The difference in the first drink and the frat boy is that one is inanimate and the other also a kid with similar lapses in judgment. Professors are neither. And by 2017, education and experience, if not professionalism and morality, should have taught greater understanding of students’ physical and psychological development.

Then there are thinkers/romantics like William Deresiewicz, whose work I admire, even though at times, for me, he soars a little too high. One of those flights came in “Love on Campus,” a work for The American Scholar, where he acknowledged the existence of “cynical” academics who take advantage of students but distinguished them from those who are attracted to students “not [by] their bodies but their souls.”

Not to be outdone, students also hunger for soul connection in Deresiewicz’s rhapsody: “Love is a flame, and the good teacher raises in students a burning desire for his or her approval and attention, his or her voice and presence, that is erotic in its urgency and intensity … Students will sometimes mistake this earthquake for sexual attraction … [But] the alert student understands” the erotic nature of the pedagogical relationship, he continued. “In talking to one of my teaching assistants … I asked her if she’d ever had a crush on an instructor … ‘Yes,’ she said, a young graduate student. ‘And did you want to have sex with him?’ I asked. ‘No,’ she said, ‘I wanted to have brain sex with him.’”

To be honest, the fact that a professor would ask a student this kind of question makes me a little nervous, even it is William Deresiewicz.

But the more relevant point is that I have taught honors students for decades, and I have yet to encounter a single student who would acknowledge coming to college for “brain sex” or opportunities to discover the “sweet fruits of the mind.” Nor am I aware of any colleagues whose voices and presence are “erotic in [their] urgency and intensity.” Not a single one.

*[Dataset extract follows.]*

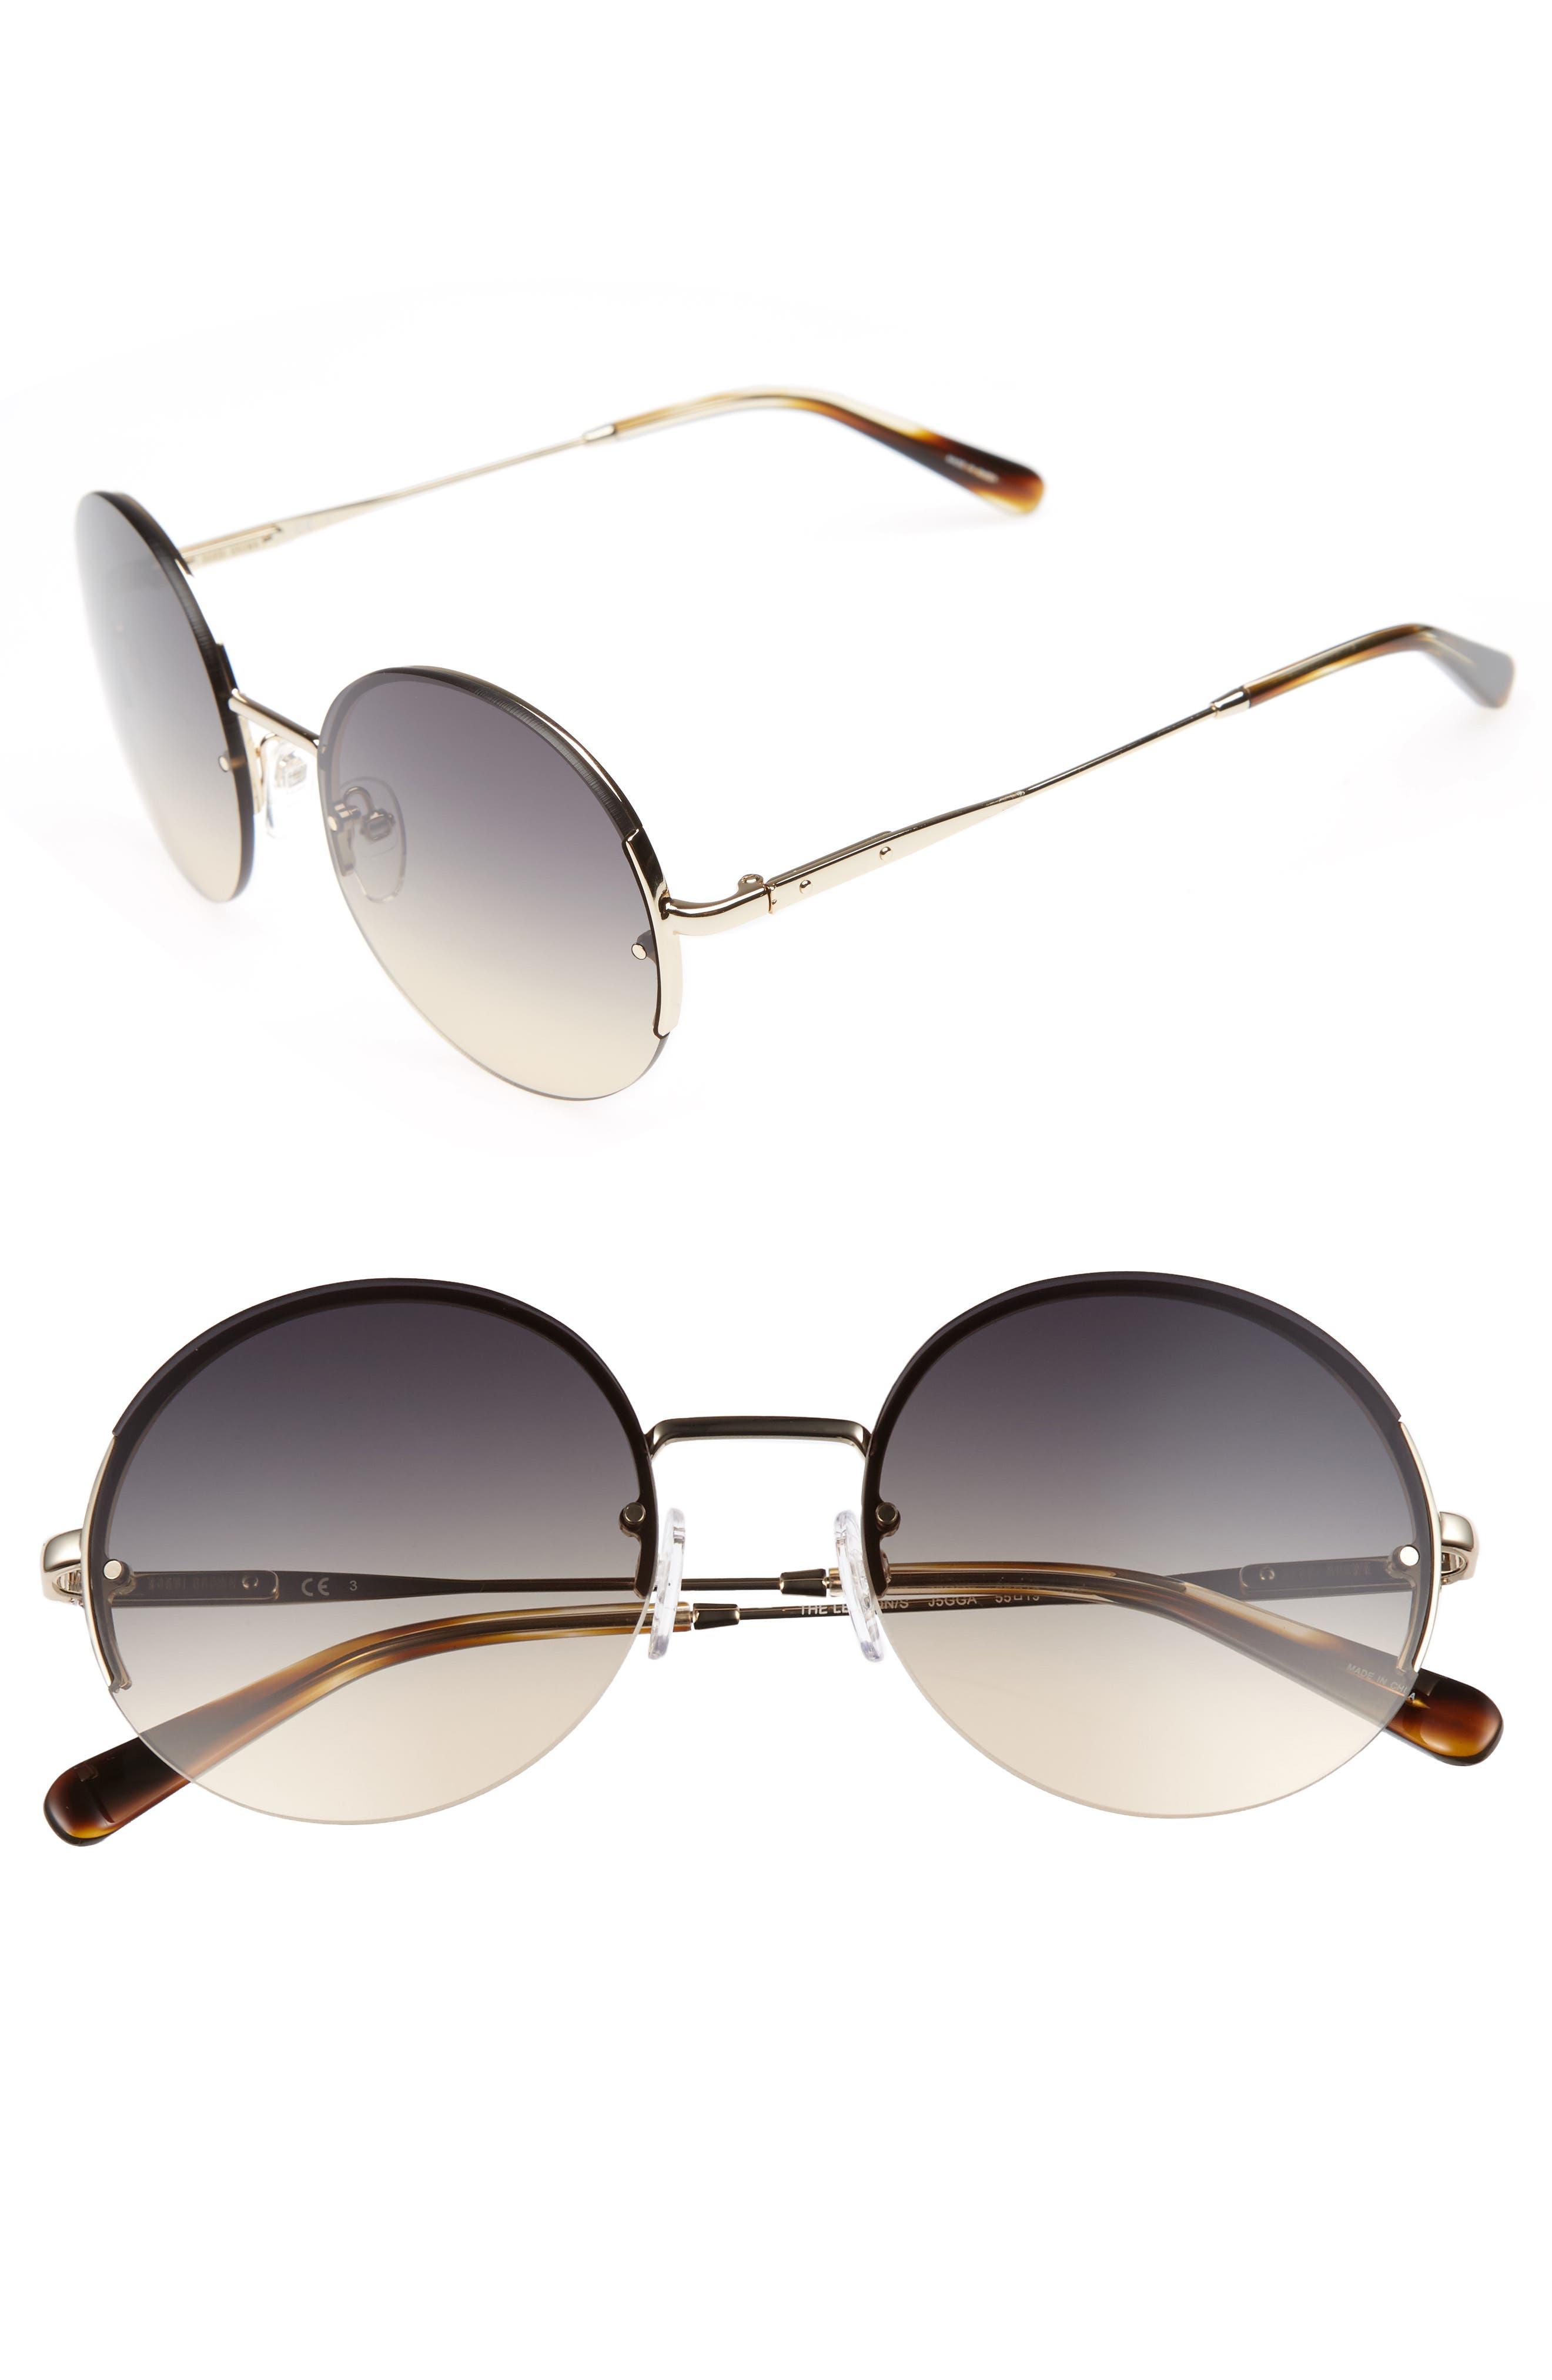 55mm Round Sunglasses,                             Main thumbnail 1, color,                             Endura Gold

If those are cynical statements, so be it. Today’s young people are not those we saw on campus a quarter century ago. They have grown to emerging adulthood in a world of extreme technological change and a hypersexual culture that confronts them at every turn, even in course offerings and events. Many think romance is out and plain old “feel-good-for-a-few-minutes” sex is in.

And that makes them vulnerable to both big and small names on campuses that are so trapped in time and ways of being that they fail to understand the dangers of their own inappropriate behavior. Research shows that contemporary females and collegiate institutions are in crisis. “The Sexualization of American Girls,” a report by the American Psychological Association, maintains that the barrage of sexualized images in media and popular culture has created a mental-health emergency “evidenced by the increased levels of depression, low self-esteem and eating disorders in young girls.”

Reports from organizations like the Association for Counseling Center Directors reveal the campus mental-health crisis to be at its highest point in history. In 2016, 51 percent of students reported suffering from anxiety, 41 percent from depression, 34 percent from relationship concerns and 21 percent from suicidal ideation.

Clearly, most of those percentages are not related to misconduct by college and university employees, but they play a part in statistics that are alarming. And it is time we ask ourselves how our traditions, as well as our attempts to modernize, have affected sexual misbehavior by academicians and posed danger to students and institutional welfare.

Despite the cost to their own well-being, some colleges and universities may be unwilling to face those challenges. Illusions always require less effort and fewer hard feelings than confronting and dealing with difficult realities.

So who can tell what will happen to the big-name offenders in academe? I don’t know. But, again, I’m not holding my breath in expectation of any earth-moving changes.